Ethiopian politician

Merera Gudina (Oromo: Mararaa Guddinaa) (born 5 July 1956) is an Ethiopian professor and politician. He is the leader of the Oromo People's Congress (OPC), a political party representing the Oromo people. The organization is opposed to the previous ruling Ethiopian People's Revolutionary Democratic Front and the current authoritarian ruling Abiy Ahmed's Prosperity Party. He has been described as Ethiopian "leading opposition politician".

==Personal life==
Merera began his college education at Addis Ababa University (AAU), but was imprisoned for seven years due to participating in protests against the dictatorship of Mengistu Haile Mariam.
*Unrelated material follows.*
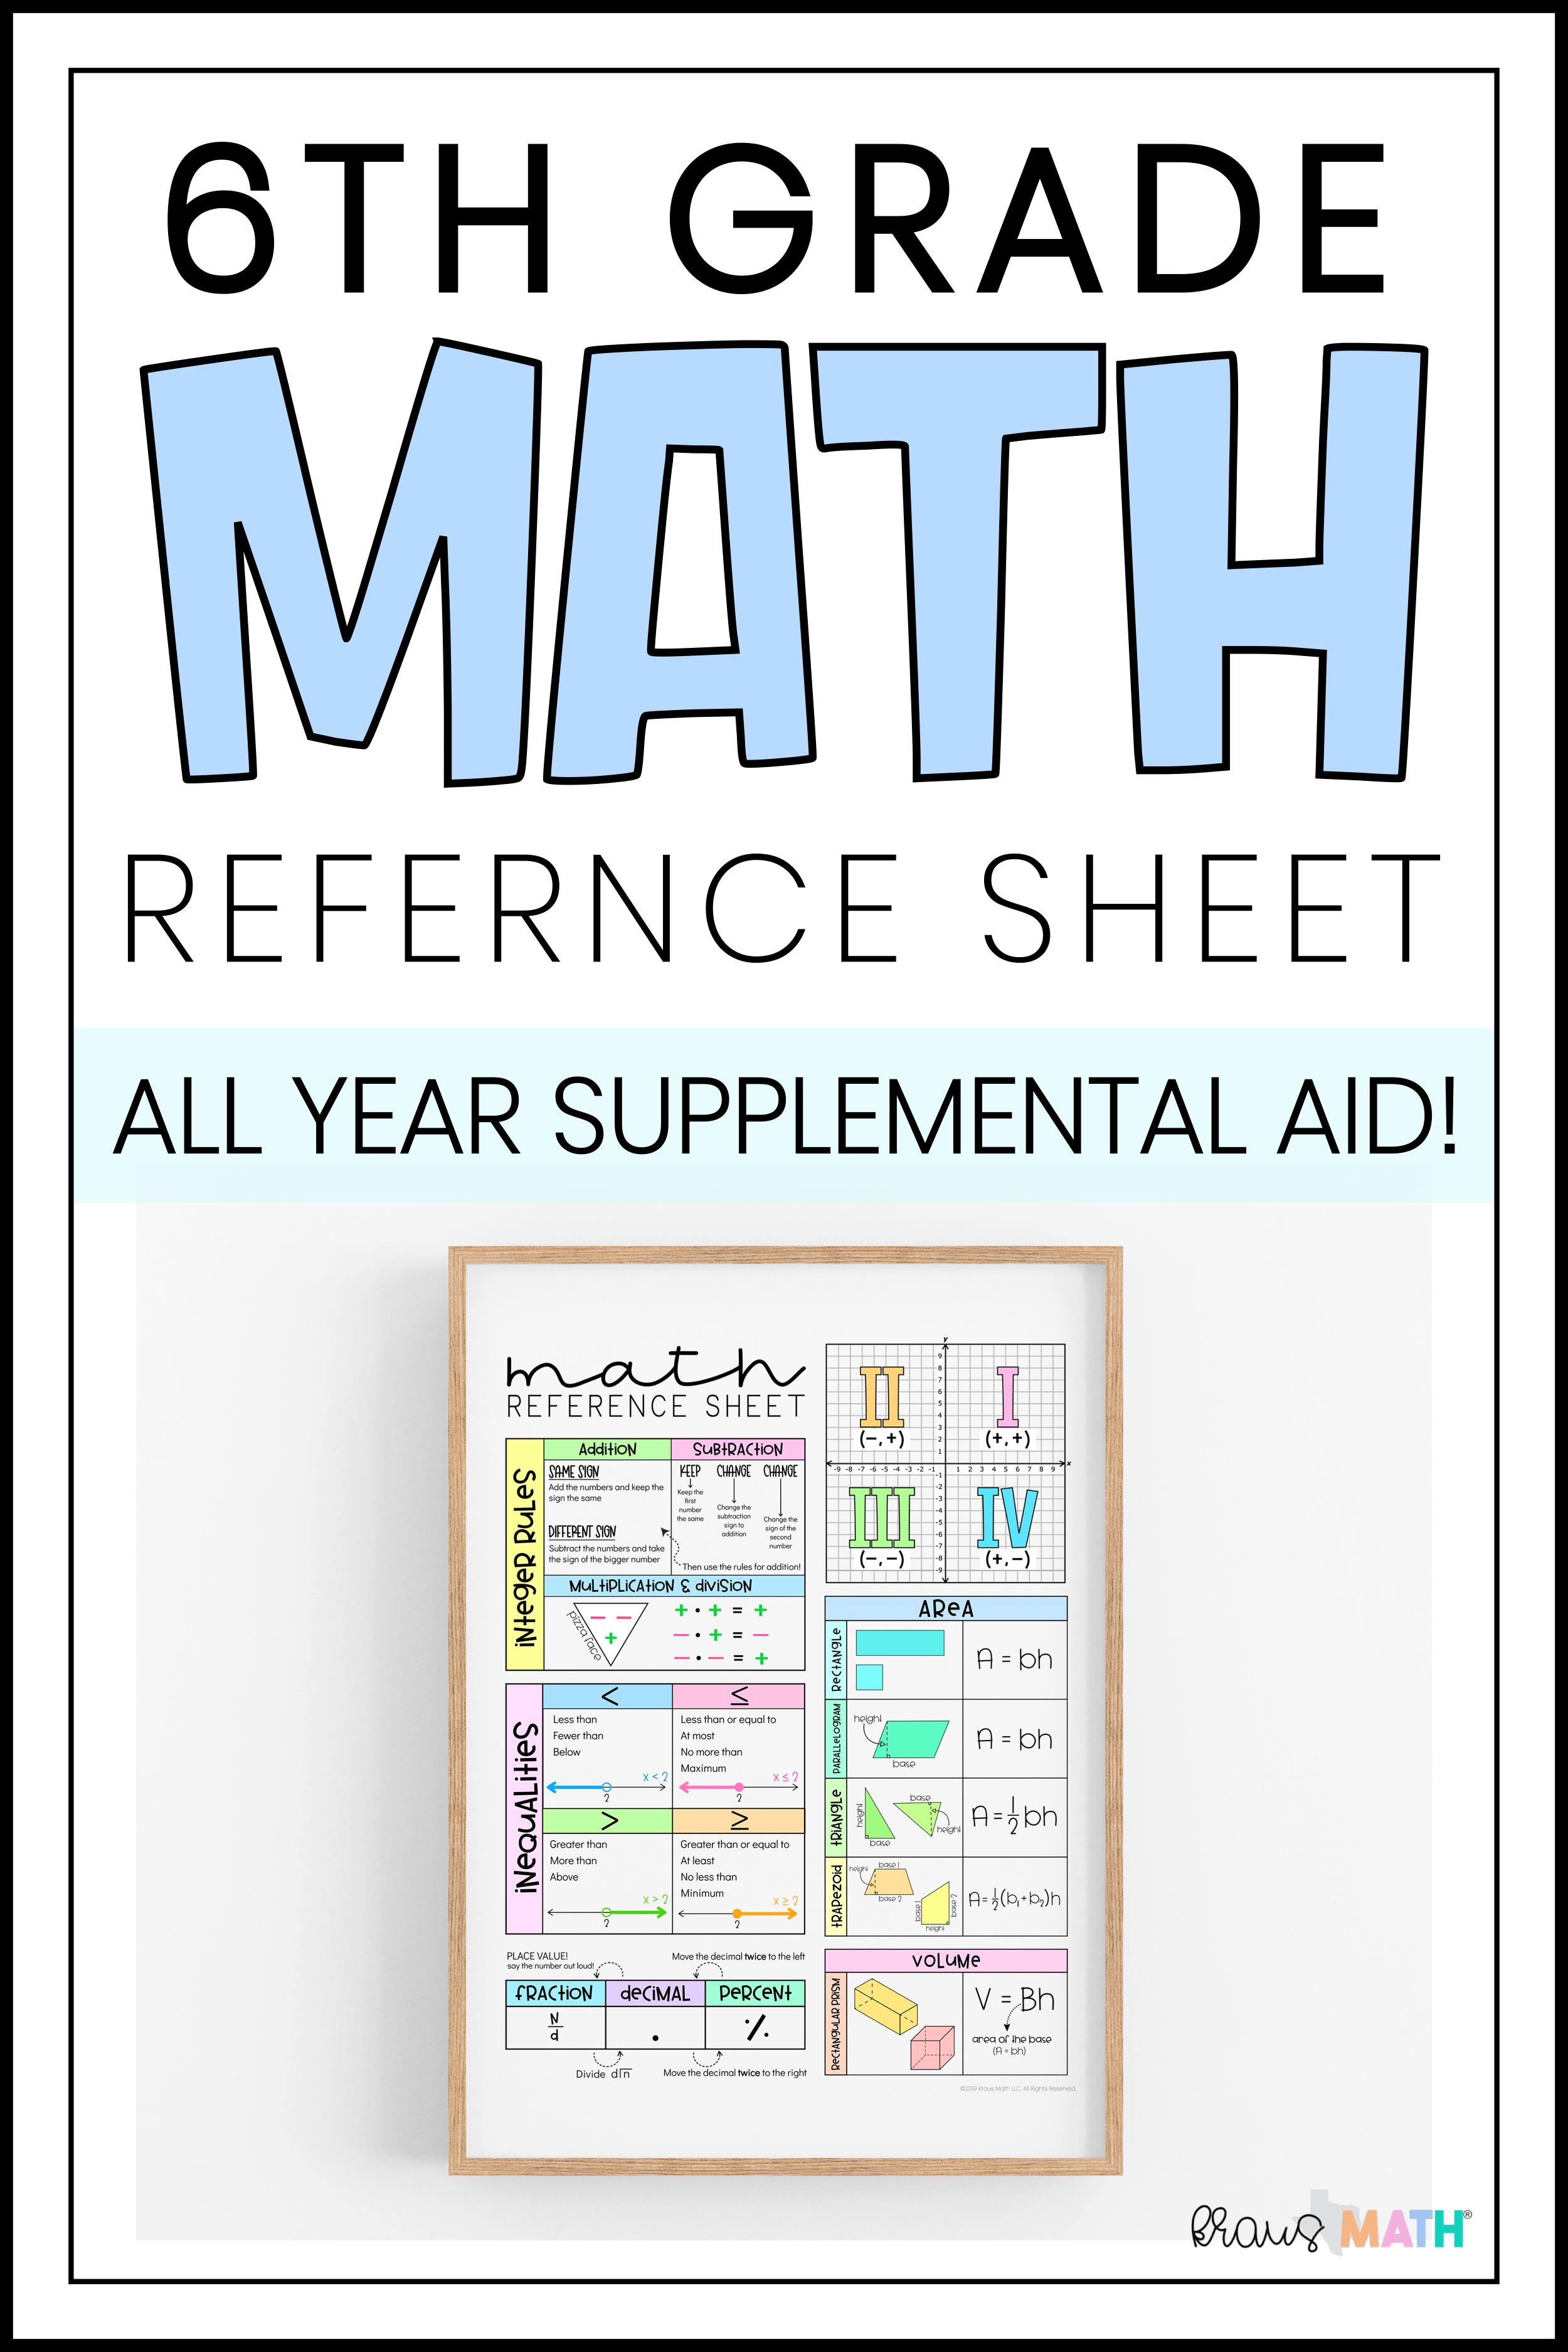 6th Grade Math Reference Sheet

After his release, Merera went to Egypt to complete his education at the American University in Cairo. Merera received his PhD in Political Science July 2002 from the Institute of Social Studies, at the Hague in the Netherlands under the direction of professors M.R. Doornbos and M.A.R.M. Salih, he completed his thesis, "Ethiopia: competing ethnic nationalisms and the quest for democracy, 1960-2000". As of 2009, Merera is an associate professor of political science at AAU. He participates in several scholarly conferences worldwide, including in the United States, concerning political and social developments of Ethiopia.

==Political career==
Merera founded the Oromo National Congress (ONC) in 1996, which became the largest Oromo opposition group by parliament seats after the 2005 national elections. His OFC had allied with several other parties to form the United Ethiopian Democratic Forces. Due to a court decision in 2007 which awarded the name of the ONC to a splinter group, the original ONC assumed a new name, the Oromo people's Congress.
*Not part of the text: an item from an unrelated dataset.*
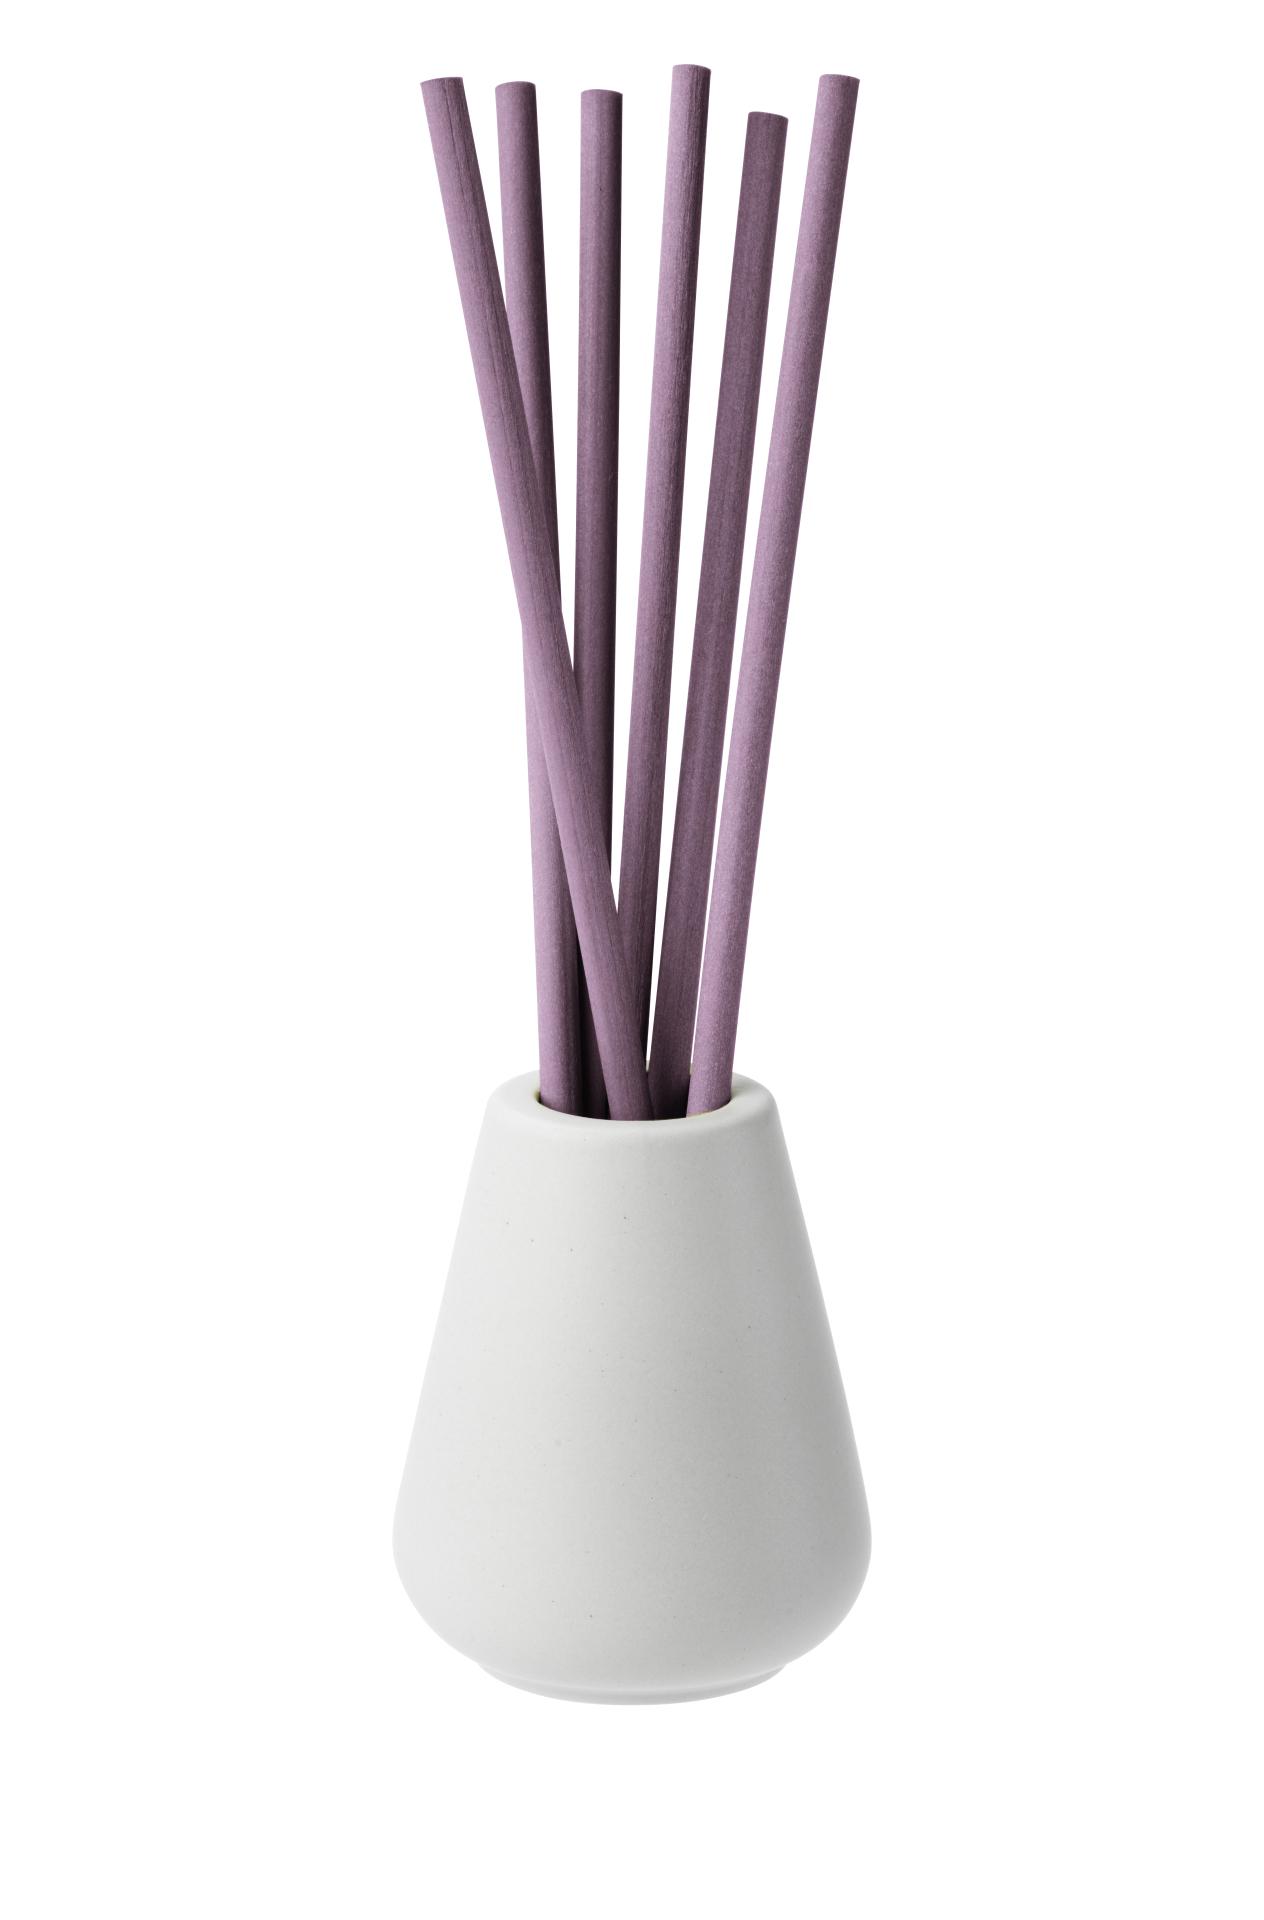 NJUTNING花瓶及香氛枝條

Merera believes in the self-determination of Oromo people and self-rule under Ethiopia umbrella. His party also wants to make Afan Oromo the co-official language of Ethiopia to empower Oromo people politically, socially and economically. Regarding Oromia secession, he opposes the idea based on mutual strategic and national interest of Oromo and other peoples. Merera has also said Oromo people have historically participated in the creation of modern Ethiopia, including the monarchy. During a parliament discussion with the ruling party, Merera made the observation, "Oromia is the stem of Ethiopia; a stem can not secede, only branches can fall off the stem."

OFC was also reported to have made an alliance with another Oromo opposition party named OFDM to form Oromo Federalist Congress (OFC).

As of January 2010, Merera is the co-chairman of the OPC and the chairman of Medrek.

Merera was detained at the Addis Ababa airport in Ethiopia upon his return from Europe in December 2016. The Ethiopian government cites charges of links to "terrorist" and "anti-peace" protest groups. On 3 March 2017, Ethiopian prosecutors formally charged Merera with supporting terrorism, which he denied.

He was put in prison in 2015. He was released from the Kaliti Prison in January 2018.